Ici les enjeux sont cruciaux mais nous sommes loin des finalités commerciales à proprement parler. Nous sommes davantage dans une optique de détection de comportements à risques. (Certes la gestion des risques peut conduire à la protection des intérêts commerciaux).
Avis de la CNIL au sujet des procédures KYC
En France, en application de la loi informatique et libertés, tout traitement de l’information relative aux données personnelles recueillies dans le cadre du KYC pour la lutte anti blanchiment est soumis à un régime d’autorisation auprès de la CNIL. Afin de simplifier les formalités, la CNIL a élaboré une autorisation unique, qui est une sorte d’accord-cadre auquel se réfèrent les déclarants.
La CNIL recommande également une durée de conservation concernant les données personnelles.
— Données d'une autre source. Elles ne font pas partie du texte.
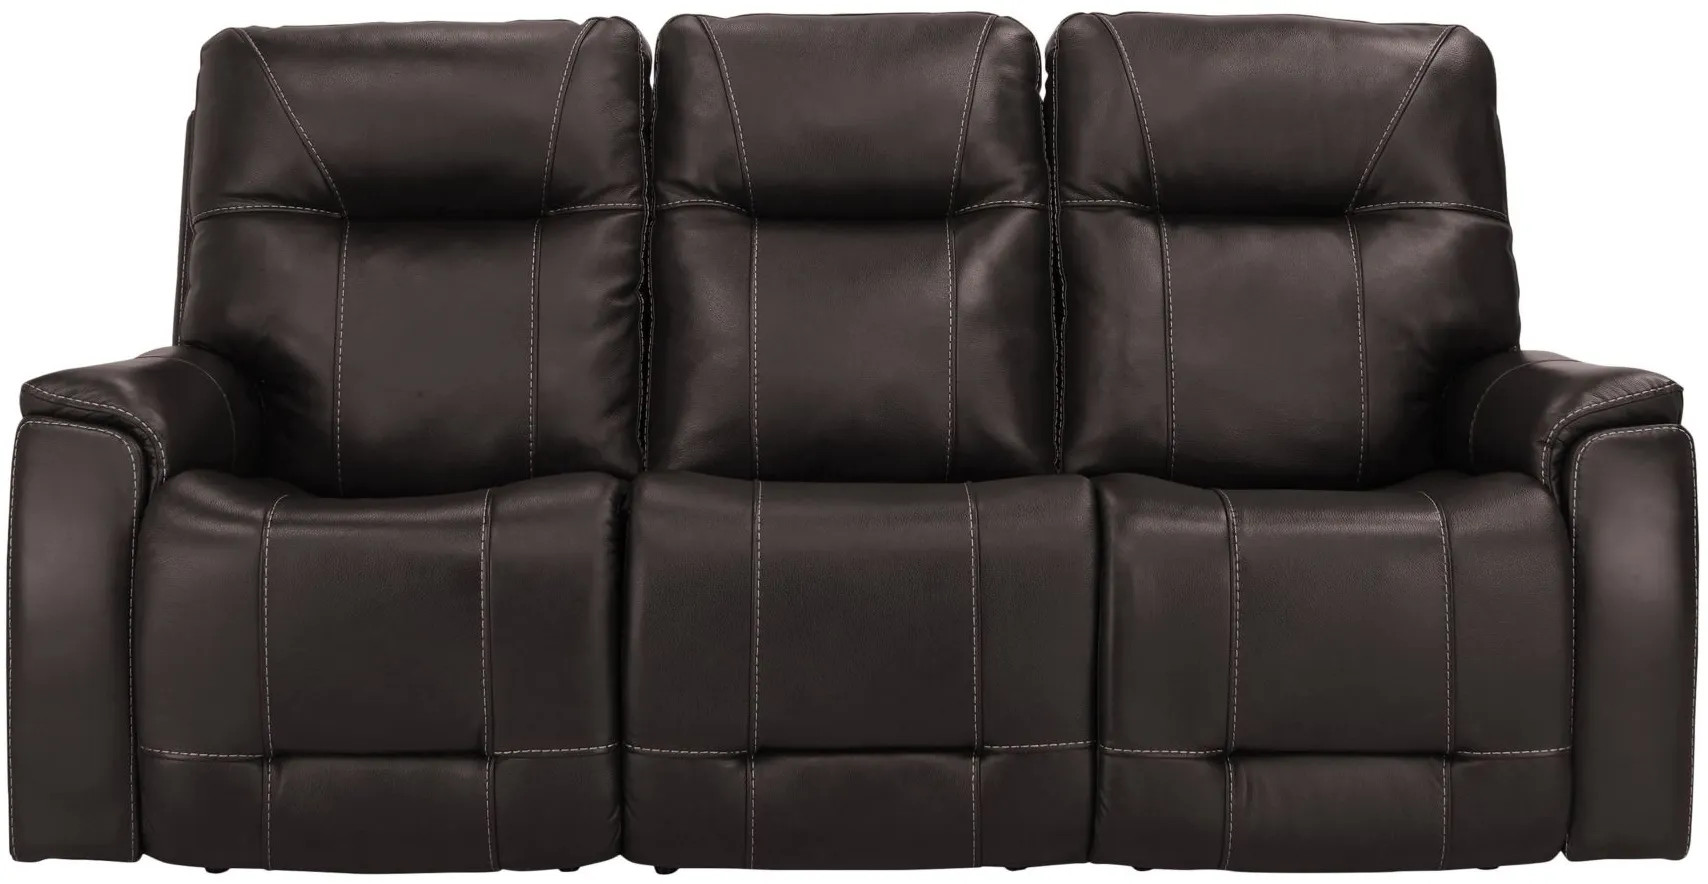 Barnett Leather Layflat Power Sofa w/ Power Headrest and Lumbar in Brown by Bellanest

Cette conservation doit durer pendant une période de 5 ans après l’exécution de la transaction. Par ailleurs, les banques sont tenues à des obligations de sécurité et de confidentialité (mots de passe pour accéder aux données, mesures de sécurité logique).
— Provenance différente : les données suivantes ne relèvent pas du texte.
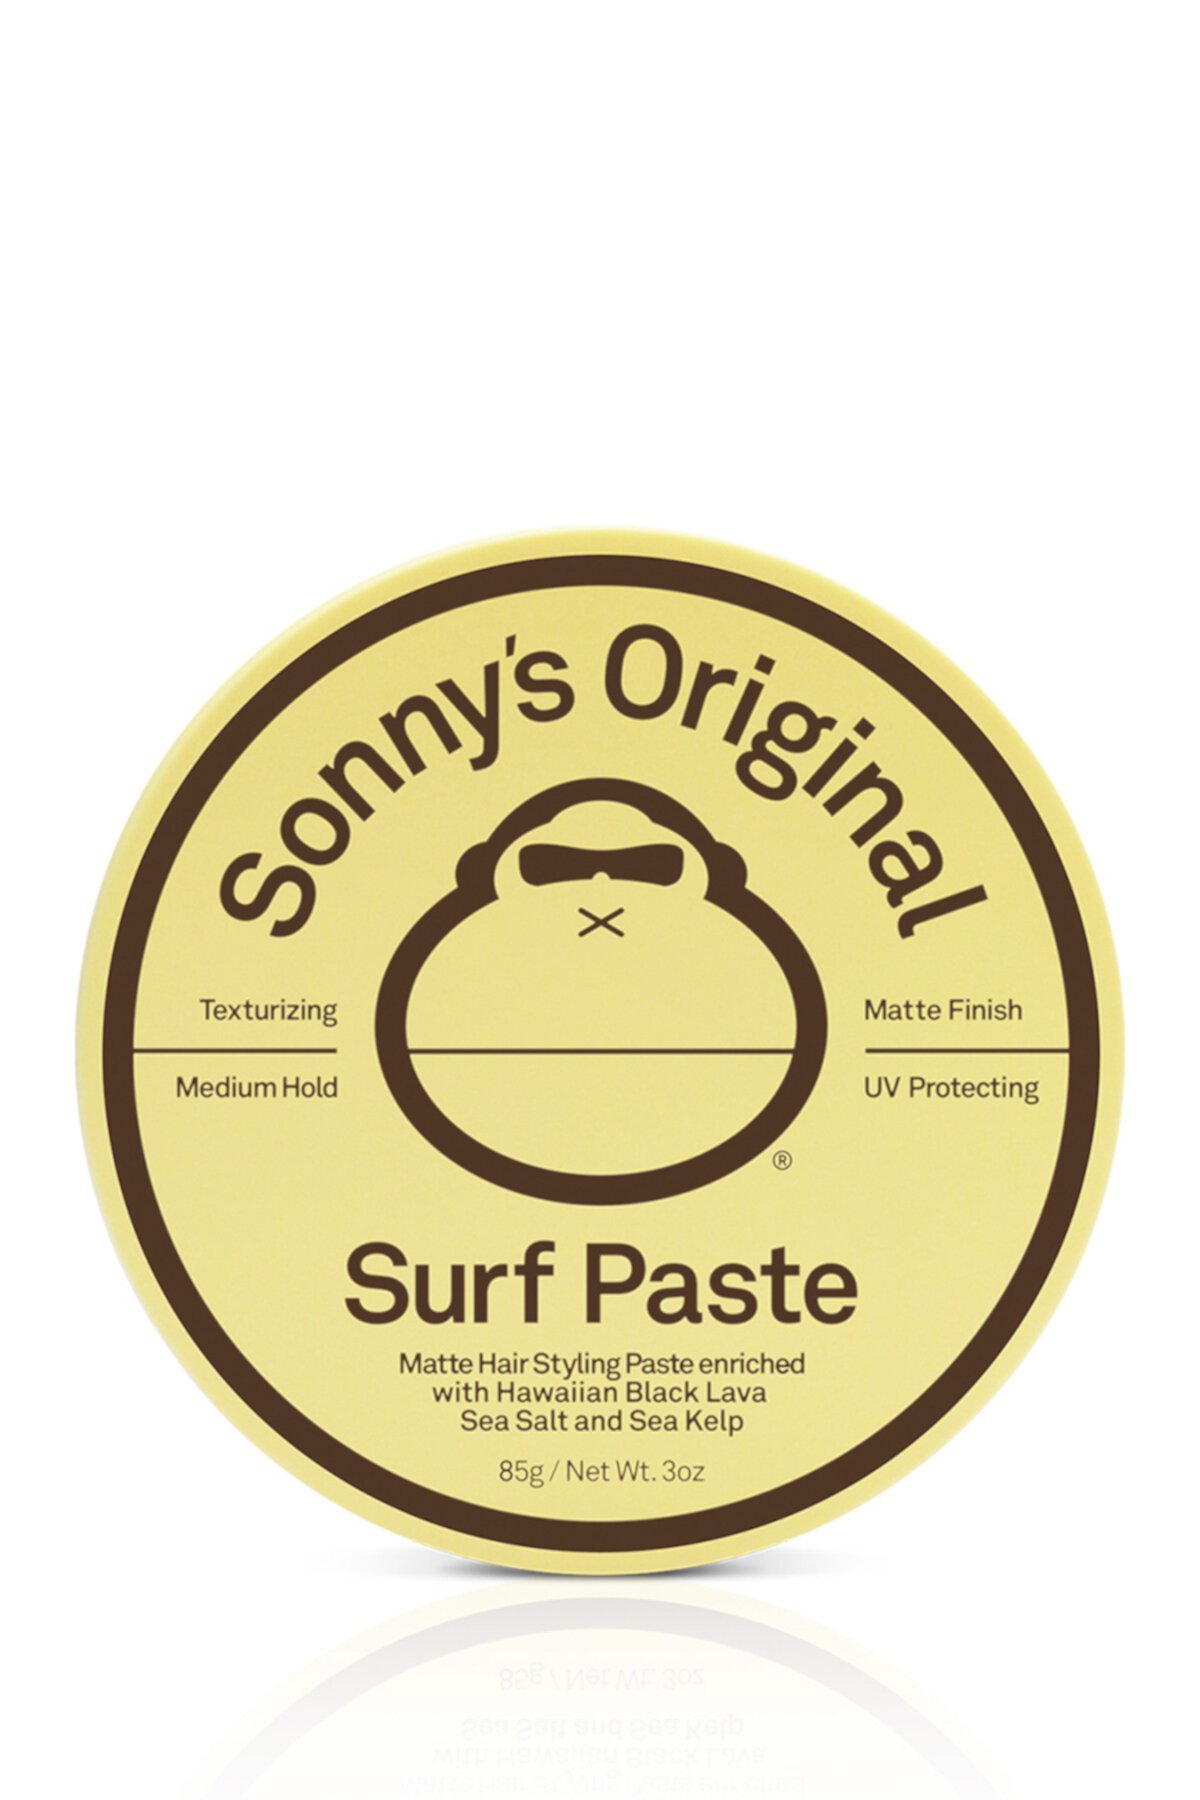 Sonny's Original Hair Texturizing Surf Paste - 3 унции. Sun Bum

Les stratégies Big Data au sein de la banque
A priori, les données collectées sont destinées à la mise en conformité. Cependant, elles pourraient très bien servir d’autres finalités davantage commerciales. Les banques sont en quelque sorte assises sur une montagne d’or qui fait même rêver les géants de l’Internet. Or, elles sont limitées et surveillées quant à l’utilisation de ces données à des fins commerciales. Les banques pourraient très bien utilisées les outils sophistiquées de profilage (propice au KYC) pour proposer des solutions axées sur les besoins des clients
Les applications du Big Data couvrent des domaines très divers et permettent par exemple de :
- Mesurer le taux de transformation de campagnes de nouveaux produits personnalisés.
- Recouper des données issues d’informations historiques, des réseaux sociaux et d’une segmentation pour proposer des offres ciblées
- Réagir à une stimulation du client qui peut être déclenchée par sa proximité avec une enseigne partenaire
- Capter la satisfaction des clients, valoriser la fidélité de manière personnalisée en pondérant par la capacité d’influence du client
Rapprochement entre les autorités de régulation
Au vue de ces nombreuses opportunités commerciales, le contexte règlementaire se doit d’évoluer. Plusieurs experts ont d’ailleurs émis l’idée d’un éventuel rapprochement entre la Commission Nationale Informatique et Libertés, l’Autorité de Contrôle Prudentiel et de résolution et l’Autorité des marchés financier pour croiser leurs approches respectives en termes de KYC. Cela aurait pour objectif une clarification et une simplification des exigences règlementaires.
On pourrait imaginer un principe de proportionnalité dans la collecte et le traitement des données. En effet, l’activité d’un retraité avec peu de mouvements de fonds ne devrait pas avoir à fournir les mêmes justificatifs qu’un client jeune et actif.
Les acteurs pourraient ainsi redéfinir leur champ des possibles et améliorer considérablement leur offre de services en respectant l’enjeu de confidentialité des données clients.